If the accelerations were the same then the distance between the ships as measured by observers in S will remain fixed.
but we know that the faster an object goes the shorter it is.

There is one ship. If it accelerates with respect to C, its instantaneous velocity with respect to C will increase over time.

Therefore the acceleration of the front of th ship must be less than the acceleration of the back of the ship if the ship is to have a constant length.

So let me get this straight. You think there "must" be a difference in the rate of acceleration between A and B "because" the ship "must" have constant length. In other words you are not reasoning the laws of physics, your are assuming they fit your beliefs.

The "means"?? I don't know what you mean by that. If you're asking for a mechanism then we've already agreed on the mechanism, i.e. light at B is emitted towards A. Since A's velocity has increased relative to S then A will detect a lower frequency. Likewise light emitted at A towards B is blueshifted.

Perhaps you've just digressed to the wavelength argument again.

Or you made a mistake and can't see it yet.

That is quite possible. I have made many mistakes in my life. But I tend to consider mistakes those things I recognize as mistakes not those labeled by others, so I hope you will persist in your attempts to show me my mistake, not just state that I have made one.

And herein lies the problem. When you use the term "change" do you mean "changes with time" or "changes with position"?

I mean change in the number per second, or frequency of detection.

Dalespam and I both agree that the rate at which clocks run depends on position in the field. Observer's at A emit light light and the observer's at B receive the with an increased in frequency. The difference measured will not change with time however. I.e. if A emits a beam of light towards B then B will observer the light with a higher frequency than if measured locally but the difference in value will not change in time as observed by observers at rest at B.

Again, I suspect you are mistaking frequency of detection for wavelength.

This is probably where you are making a mistake. The reason the rates of acceleration are different is to allow the ship to maintain a constant length in the ships frame of reference but to let it shrink in the Earth's frame of reference due to Lorentz contraction.

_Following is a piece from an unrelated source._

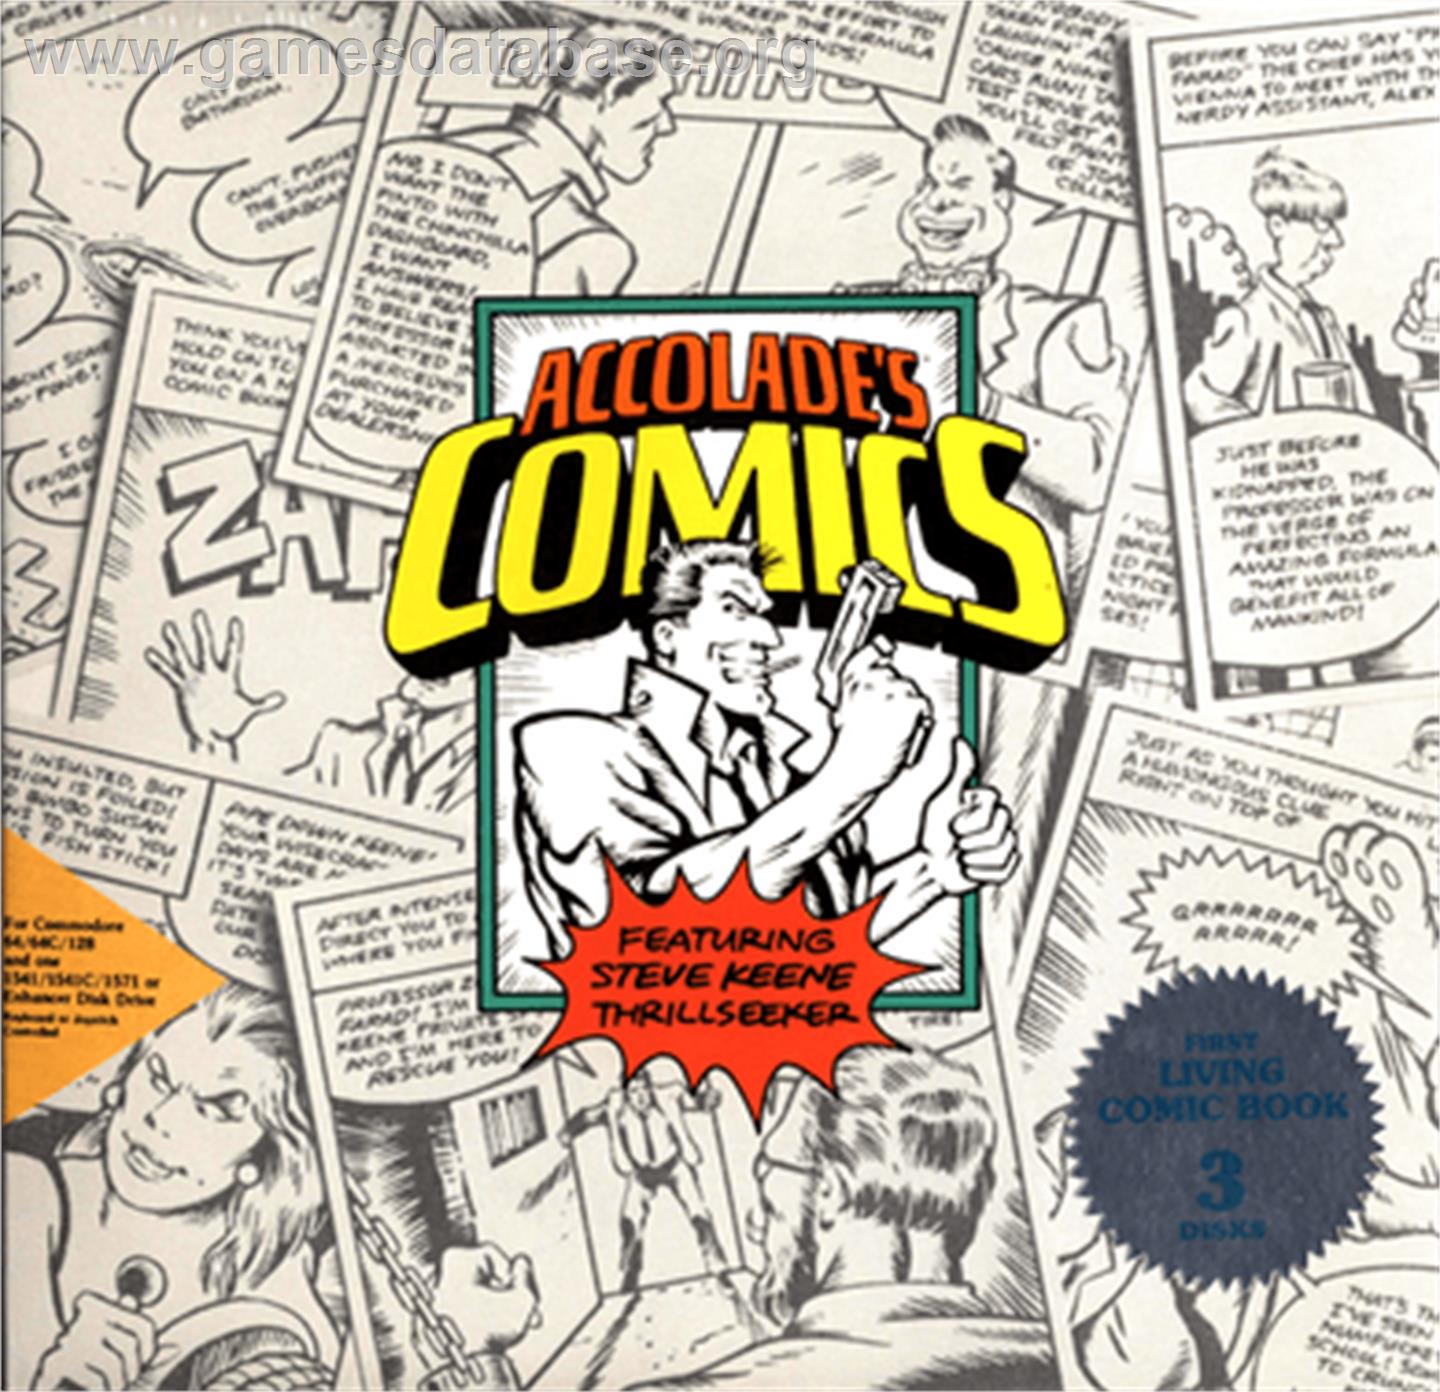 Accolade Comics: Steve Keene, Private Spy - Commodore 64 - Artwork - Box

Let me restate what I read in this.
"The reason" of your position "is to allow" a measurement you cannot reason, so that you may then "let" this unreasoned notion agree with something you can reason.

I am going to attempt to post an image that should make my point clear. Please let me know if we are still talking about the same experiment.

 

[pmb_phy]

So you agree it continues to increase, does not stay shifted at a specific frequency.

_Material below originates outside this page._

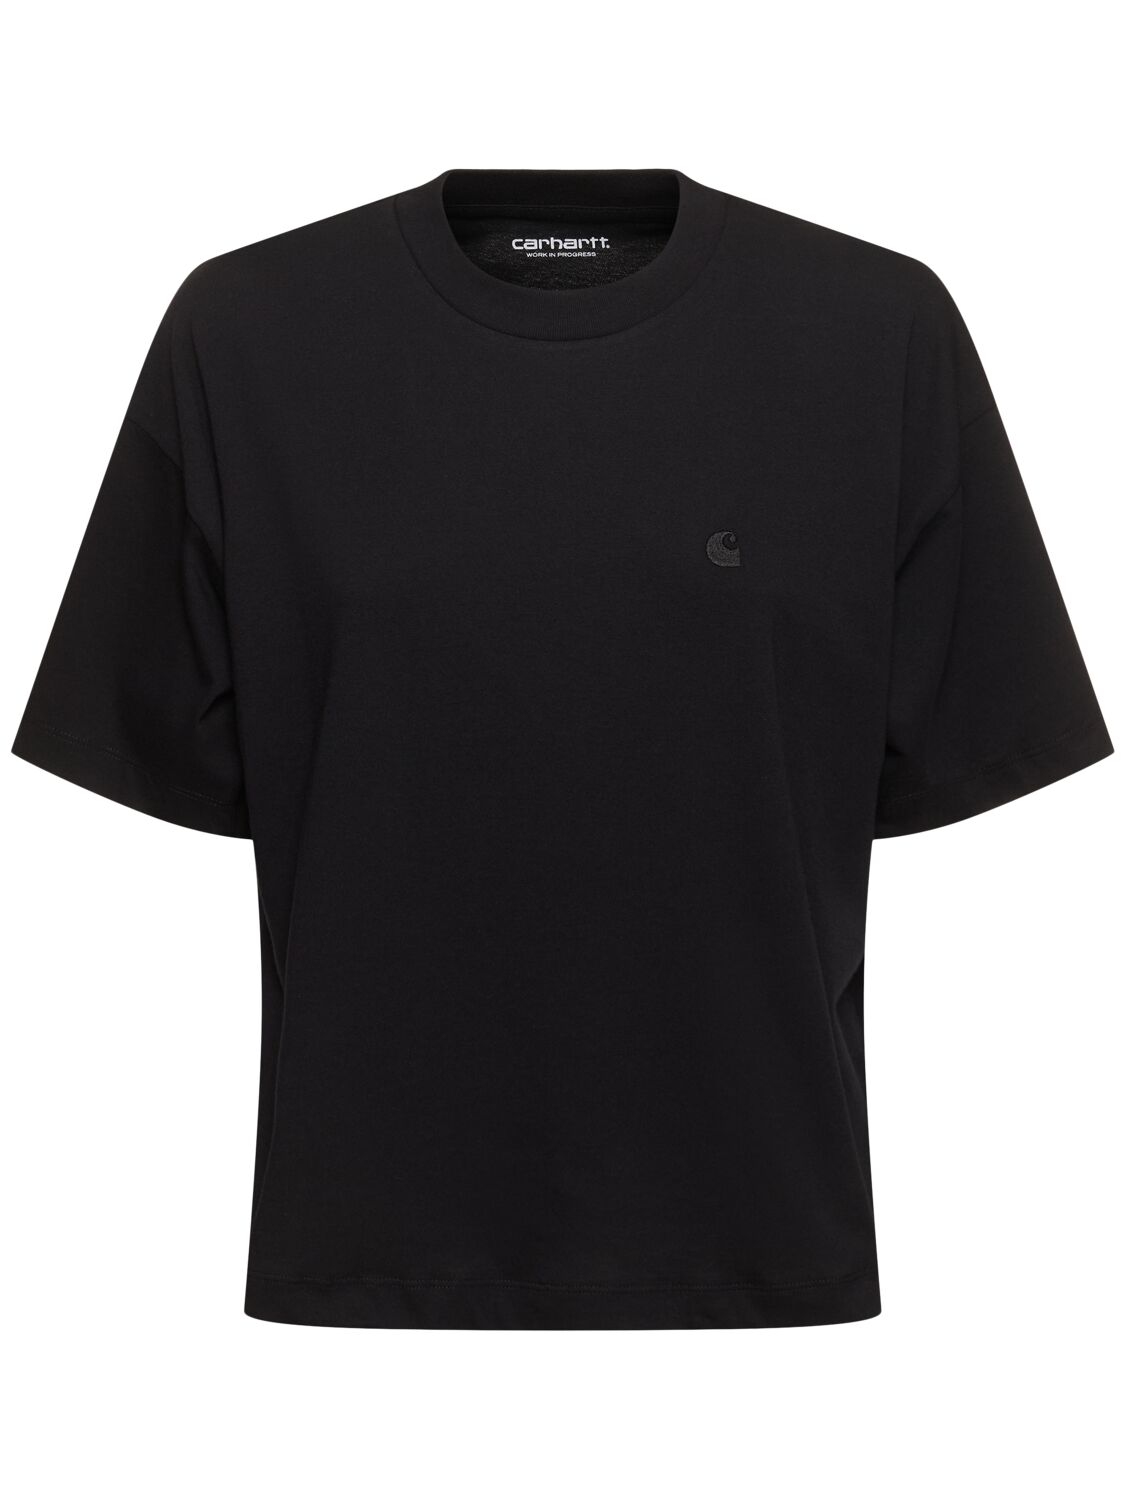 Carhartt Chester Organic Cotton T-shirt In Black

If you are referring to measurements made by observers in the initial inertial frame S then yes. That has never been in question. When you make coordinate dependant statements, as you are in here, please state which coordinate system you are referring to.

This "However" is immediately contradicted by this "However".

I'm not even sure what that means but let me emphasize that it is of the utmost importance who is making these measurements. Please be sure you understand which observer is being spoken of. In this case I was referring to the observer at rest relative to clock Ac. If I was unclear about that I appologize.

Ac increases speed at a constant rate with respect to observers, but A is not accelerating with the same acceleration as B?

That is correct.

"They must" by decree, by doctrine, by penalty of death, or by reason?

The term "must" as I used it above means that if it is otherwise a paradox/contradiction will arise. Its a matter of calculation based on the equivalence principle.

There is one ship. If it accelerates with respect to C, its instantaneous velocity with respect to C will increase over time.

The speed of "the ship" is ill-defined since different parts of the ship accelerate at different rates.

So let me get this straight. You think there "must" be a difference in the rate of acceleration between A and B "because" the ship "must" have constant length.

As measured in the ship's frame of reference, yes.

In other words you are not reasoning the laws of physics, your are assuming they fit your beliefs.

Hardly. It is a deduction arrived at by the equivalence principle. I.e. if the ship is at rest but sitting on the Earth's surface then the height of the ship will remain constant. According to the principle of equivalence the same thing must happen in the accelerating frame of reference.

Perhaps you've just digressed to the wavelength argument again.

I was asking you what you meant by "means". What did you mean by that?

..so I hope you will persist in your attempts to show me my mistake, not just state that I have made one.

Nah. Of course not. In fact I encourage you to keep going until you have convinced yourself of what you seek.

"The reason" of your position "is to allow" a measurement you cannot reason, ...

Nope. If I can't reason it, or find a description of a reason, then I won't make any such assertion .. or at least try not to.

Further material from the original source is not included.